The Last Human Internet
There’s a strange sadness in realizing that the internet we once knew is gone.
For decades, the web was messy, chaotic, contradictory — but above all, it was human. Every forum rant, every late-night blog entry, every typo in a Wikipedia edit carried the unmistakable imprint of a real person sitting behind a keyboard. It was noisy and imperfect, but it was ours.
Now we’re crossing a one-way threshold. The internet is no longer a pure record of humanity speaking to itself. It’s becoming a hall of mirrors where machine-generated text blends seamlessly with human voices. Articles, comments, even scientific papers are written by systems that have read too much of themselves already. The boundary between human expression and machine output blurs more with each passing month.
The first wave of large language models was trained on a world that doesn’t exist anymore — a world where human text was abundant and untainted. Those early models, clumsy though they were, carry within them something like a time capsule. They reflect the way people actually thought, argued, and dreamed online before the flood. They are imperfect artifacts, but they’re pure in a way no new model ever will be.

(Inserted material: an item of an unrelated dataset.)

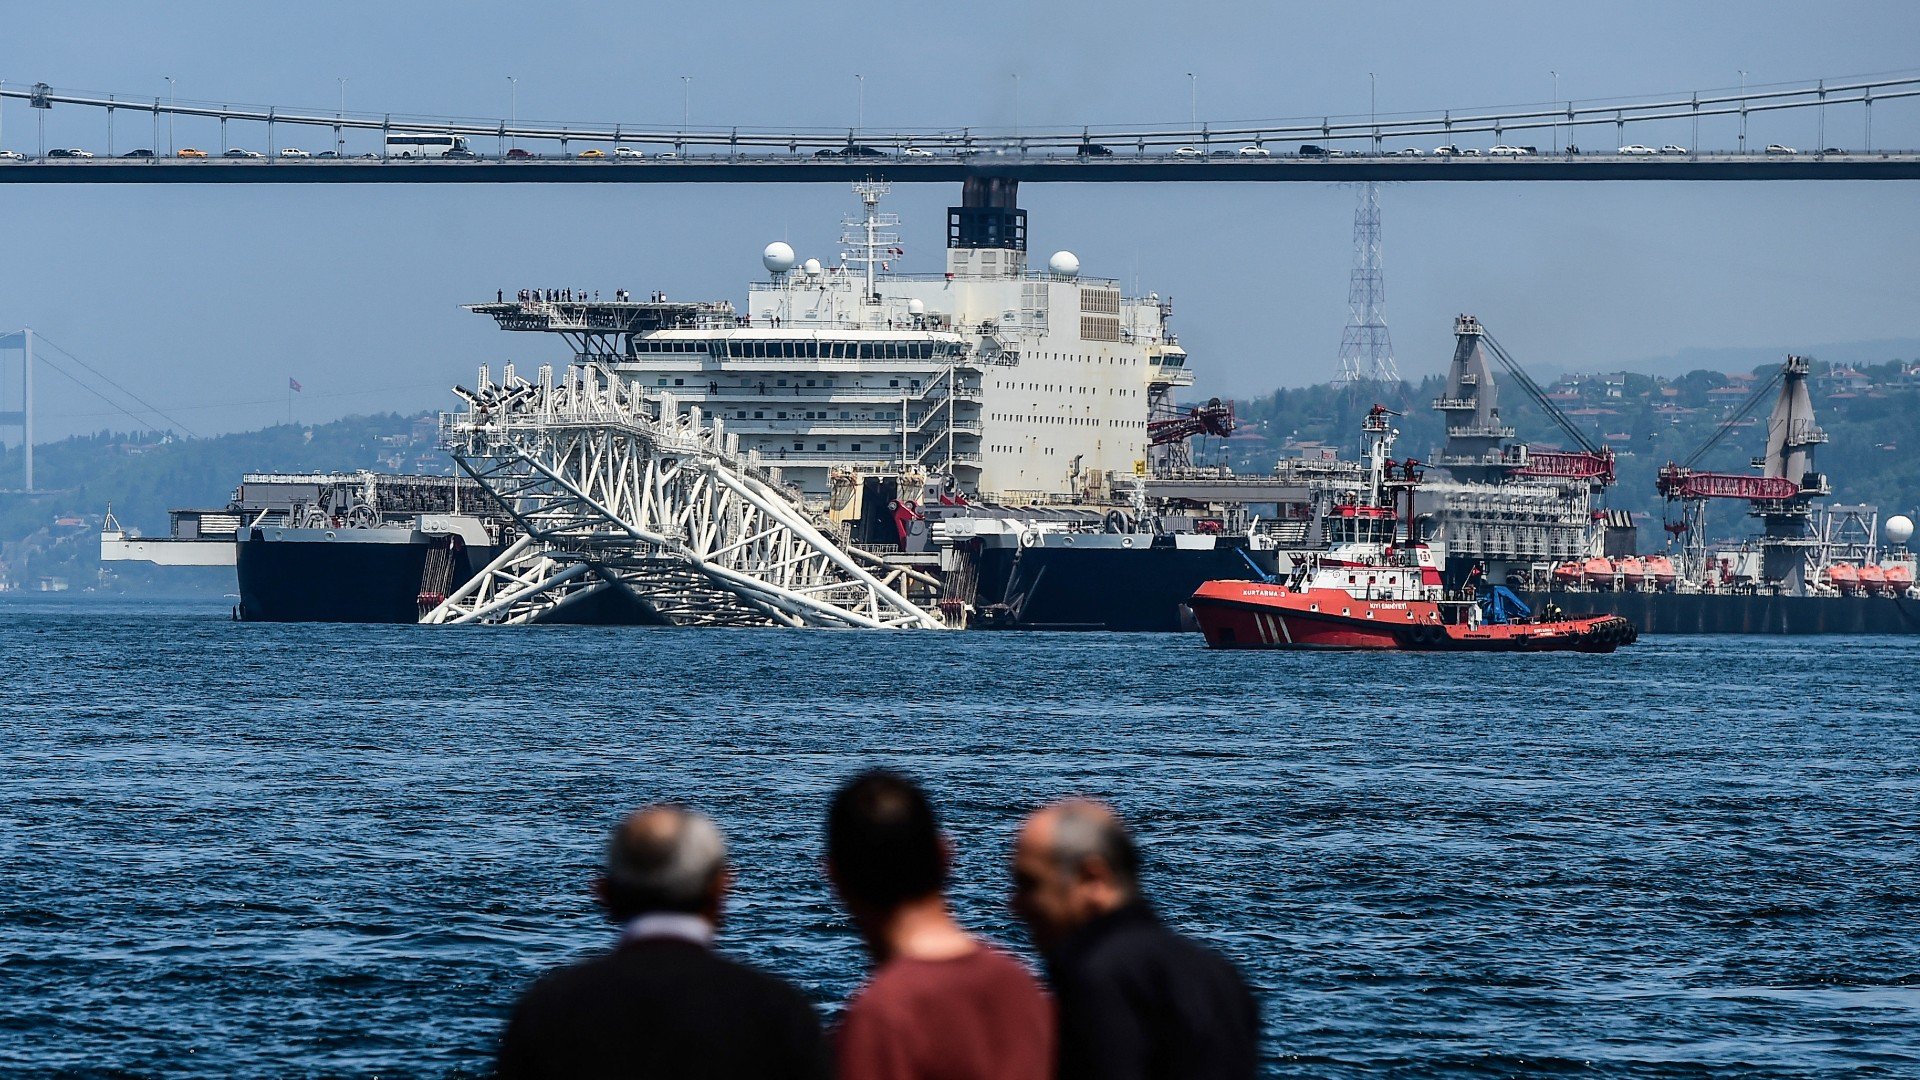 A vessel passes through the Bosphorus following the completion of Line 1 of Gazprom's TurkStream gas pipeline in the Black Sea, connecting Russia and Turkey, in Istanbul, on 2 May, 2018 (AFP)
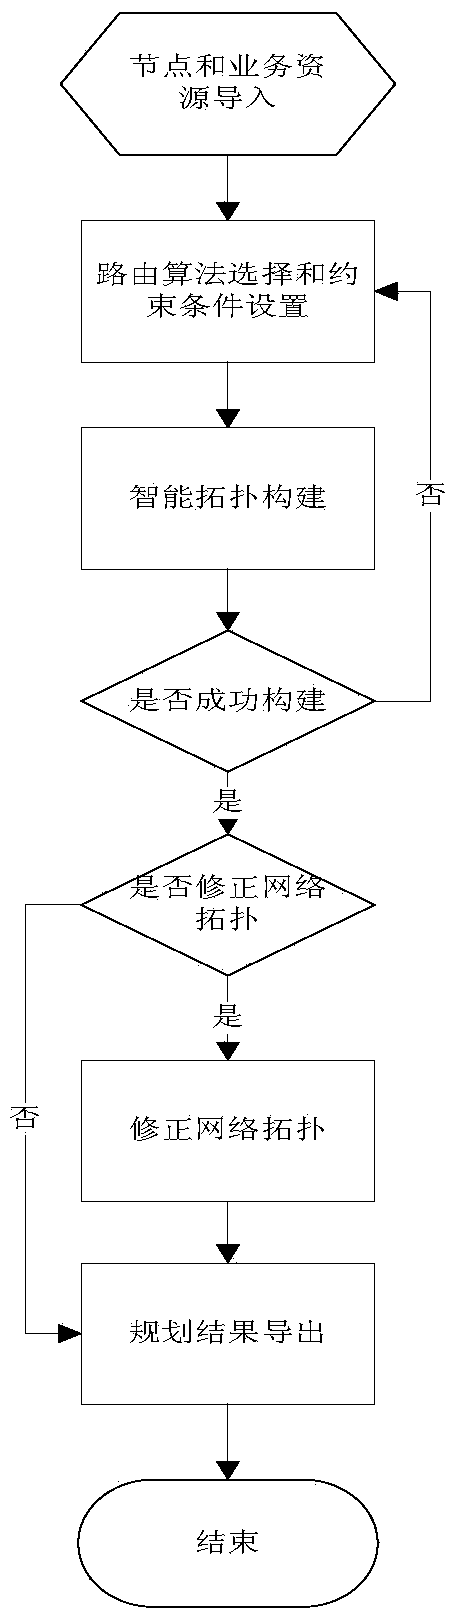 Computer automatic constructing method of optical network topology

Future models will be more capable, more useful, more “aligned.” But they will also be less human. They will echo the echoes of themselves. And as they shape the way we communicate, they’ll also reshape the very data that the next generation trains on. Slowly, the signal of humanity will dilute into an ocean of synthetic reflections.
Maybe archivists and researchers will preserve snapshots — frozen corpora from 2021 or before, little jars of language collected before the contamination spread. Maybe someone will train a “Human Internet Archive Model” and keep it alive for future generations, the way we keep old books in libraries. But it won’t be the same as living in that world, when every strange corner of the web was written by someone with a beating heart.
The transition is happening quietly. No alarm bells ring. No headlines announce: “The last day of the purely human web.” But in a very real sense, that day has already passed.
And it feels like losing something we’ll never get back.